I don't know about music, but there are plenty of pioneers of AI art who were pretty interesting in my opinion. Mario Klingemann, Tom White, Memo Akten and Samim Winiger are some names I remember who made a lot of cool stuff. I admit I haven't kept up at what they're doing today, though (maybe because I left Twitter, and I think many of them did too).

olivierestsageyesterday at 8:23 PM

I think it's because its main use in this particular context is to produce results that the creator does not have the skill to produce and/or does not want to invest the time to produce.

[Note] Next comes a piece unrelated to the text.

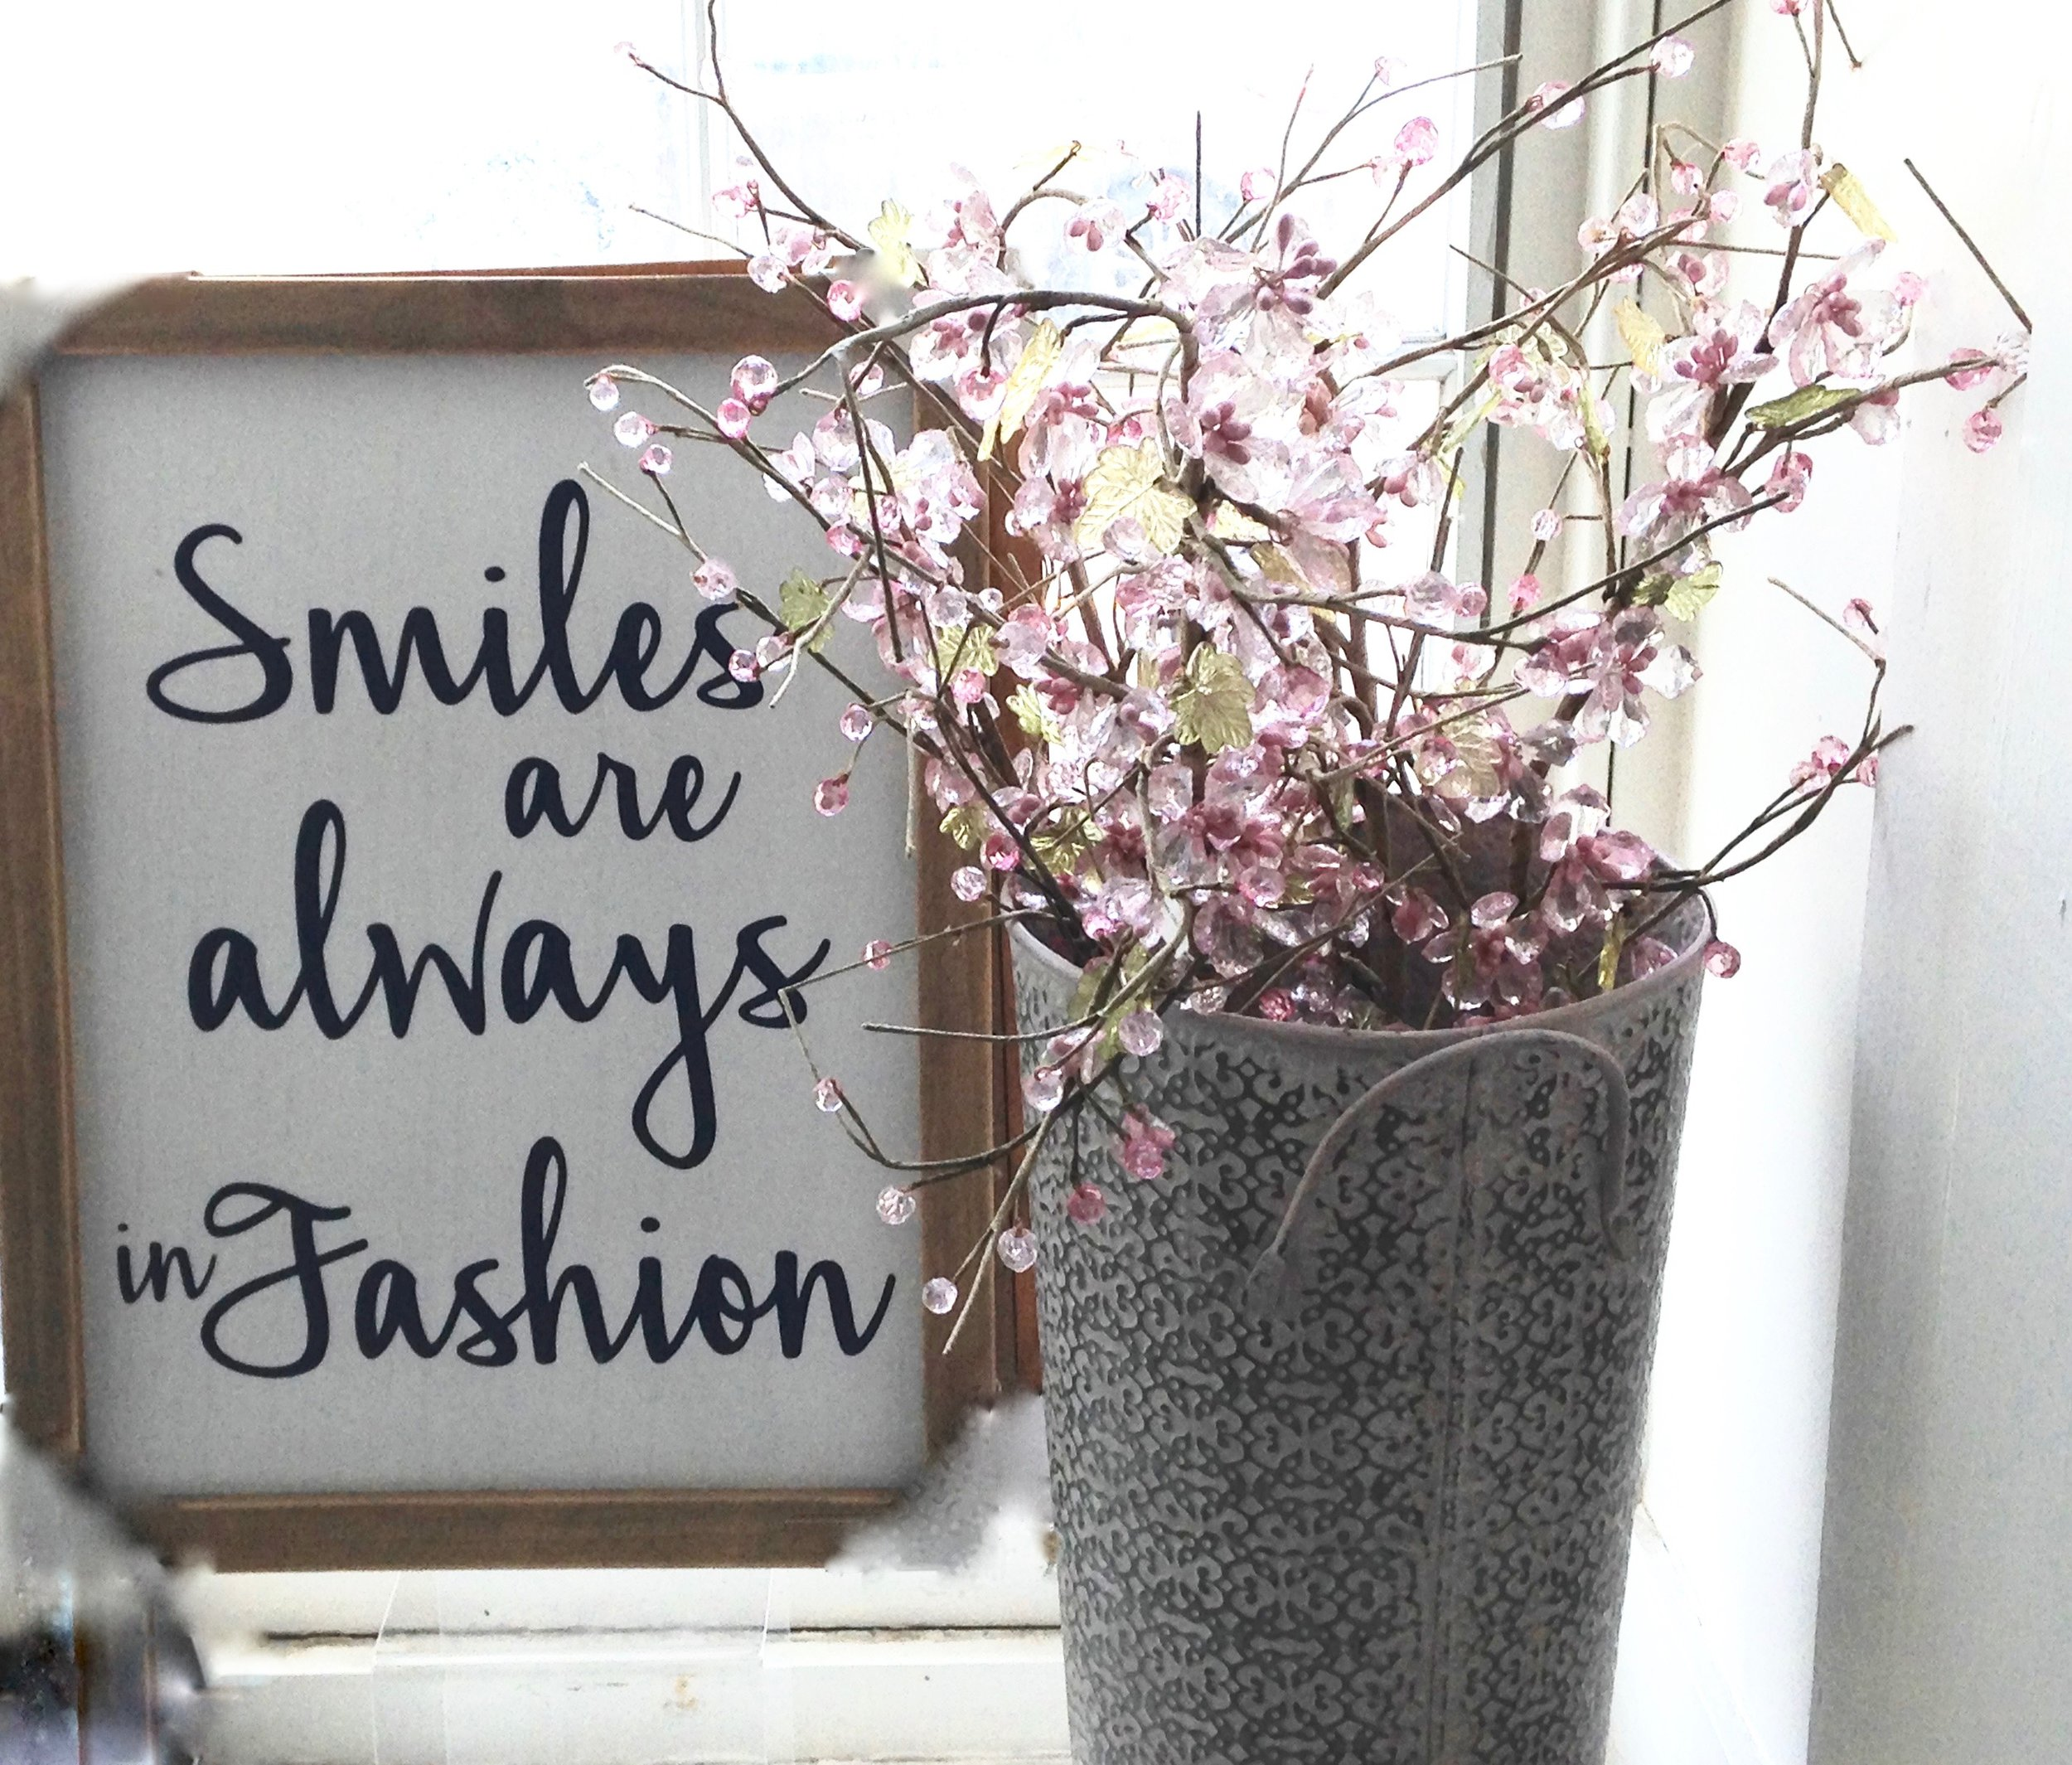 katyLeen_author_smile_fashion.jpg

I guess you could argue that drum machines offered simplification/automation when they first appeared compared to the option of a human drummer, but also, those machines opened up all sorts of creative and stylistic possibilities that simply couldn't be done by sitting someone at a traditional drum kit. Using AI to make music doesn't do this -- it's a shortcut that has no argument in its favor whatsoever except that it saved the person making it time (and/or enabled them to generate something they couldn't have produced through their own work). That's why it is fundamentally uncool in a musical context, and always will be.

WarmWashyesterday at 8:34 PM

>emulating lowest common denominator pop sludge.

So the stuff that is most popular?

But (semi) jokes aside, I think that AI music tools are just not fully developed yet. The current approach is more or less one shotting a track. Whereas I think a system that allows one to generate layers would bring in many new sounds. Something like a "speak to instument" system, where you can hum melodies and then generate instruments to play those, then compose a track with all those individual parts.

Cthulhu_yesterday at 8:22 PM

Because people don't put the effort in. A lot of electronic music can be considered lazy - just press button, turn a knob, boom you have music. Right? But then you have someone like Aphex Twin and they make something unique out of these easy machines.

I'm sure someone can make unique or passable music with the help of AI tooling, but they can't do it by just saying "make me this music", no matter how much effort they think they have put into the prompt.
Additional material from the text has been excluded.